Aurelis Troncoso – Graduate Student Coordinator, 2023-2024
Aurelis Troncoso, M.A. (she/they pronouns), is a Doctoral Candidate in the American Culture Program at the University of Michigan, Ann Arbor. Troncoso’s fields of study include intersectionalities of race, gender, (queer) sexuality, Afro-Latinidad in the Caribbean and the United States, Black feminist theory, queer and trans theory, and Afro-Caribbean religions. Her dissertation project focuses on the experiences of LGBTQ practitioners of Santeria and Espiritismo in Puerto Rico and how practitioners negotiate race, nationality, queerness and transness within sacred spaces. Troncoso obtained a Bachelor of Arts degree from Hampshire College in Multicultural Education, African Diaspora and Gender Studies (2016).
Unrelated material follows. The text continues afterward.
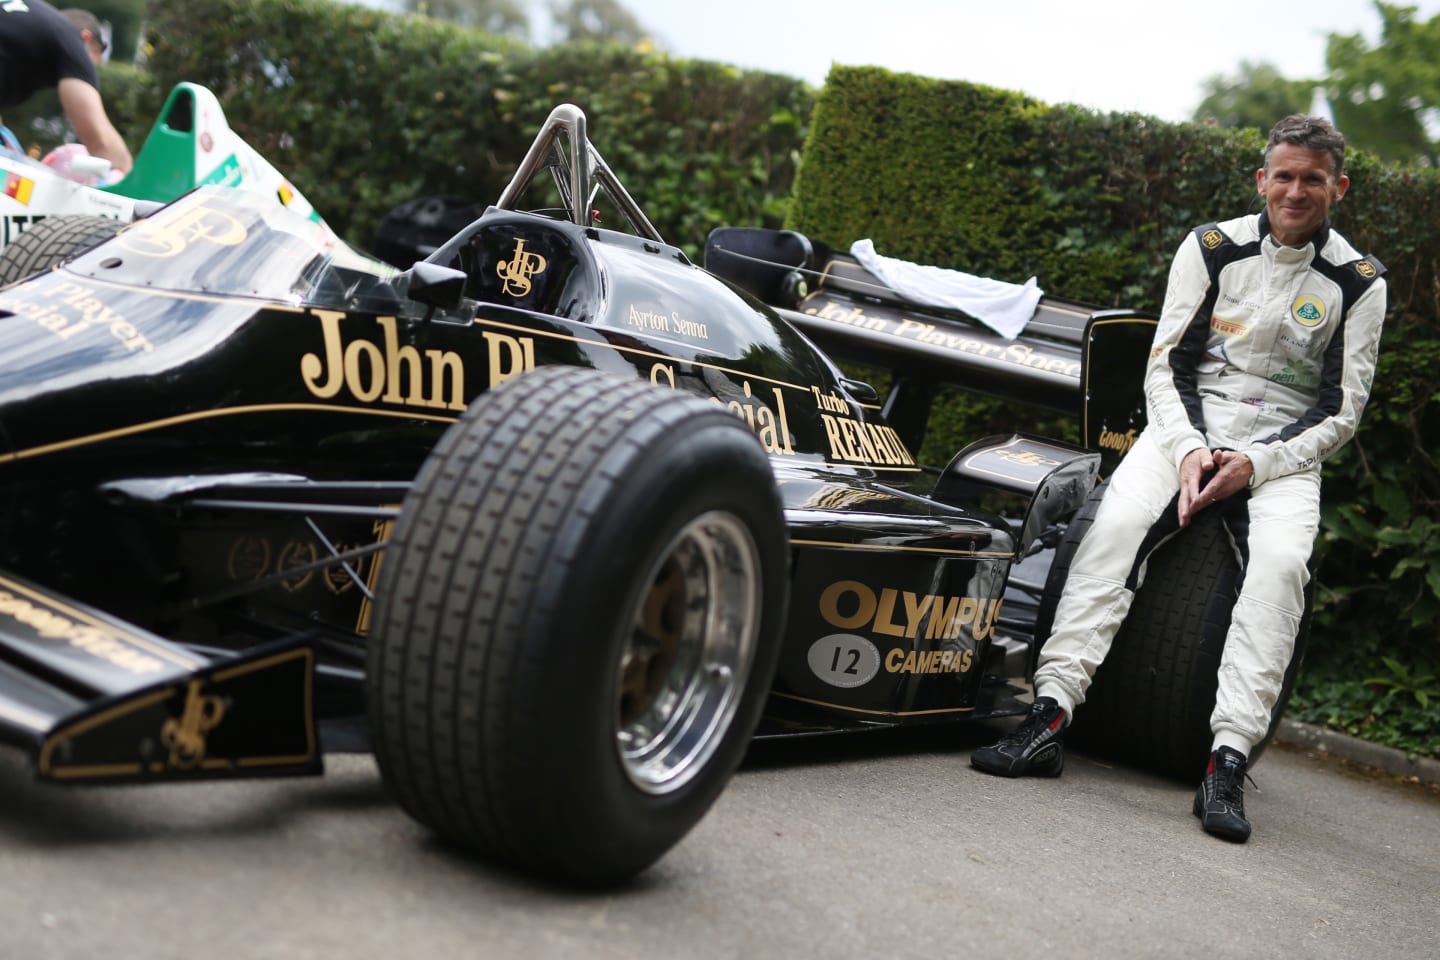 www.sutton-images.com Lee Mowle (GBR) Lotus Renault 97T at Goodwood Festival of Speed, Goodwood, England, 30 June - 2 July 2017. © Sutton Images

Her capstone research titled La Rebelión de las Shangos: The resistance of Black Cuban Women in Regla de Ocha-Ifá, stemmed from two years of ethnographic field work in Cuba, and explored the empowerment of Black Cuban women in Ocha-Ifá (Santería) post colonization while negotiating race, gender, sexuality, nationhood and power. In addition, Troncoso has dedicated the last ten years to grass-roots organizing and teaching creative writing to youth through a social justice lens. Troncoso is a proud alum of the James Baldwin Scholars Program (2011) and a fellow of the Institute for Recruitment of Teachers (IRT, 2016). Some of her accomplishments include co-organizing an international exhibition in Cuba titled Addimú pa’ mi, celebrating Neo-African art. She is also a double time recipient of the Ingenuity Award recognizing her leadership efforts within local communities and beyond. Additionally, she served as a Graduate Student Representative to the Latina/o Studies Advisory Board, where she reported concerns and solutions to the Department of American Culture, University of Michigan. Currently, Troncoso is the coordinator of the Cuban Diaspora Rackham Interdisciplinary Workshop at the University of Michigan, Ann Arbor. Troncoso resides in Puerto Rico and is a Bronx native.
Kerry White
Kerry White is a PhD candidate in American Culture at the University of Michigan, Ann Arbor. They specialize in transgender studies, queer of color critique, ethnographic and blurred genre writing, and Cuban/Caribbean studies. Kerry is currently working on her dissertation, a blurred-genre ethnography of transgender subjectivity between Cuba and the United States, which interrogates broadly the ways in which trans and gender non-normative people in Cuba and the United States navigate racialized, colonial, and imperial sex/gender systems through the narration of their own stories of trans becoming. Previously, they received a master’s degree in Latin American Studies from the University of Florida and a bachelor’s degree from Lewis & Clark College.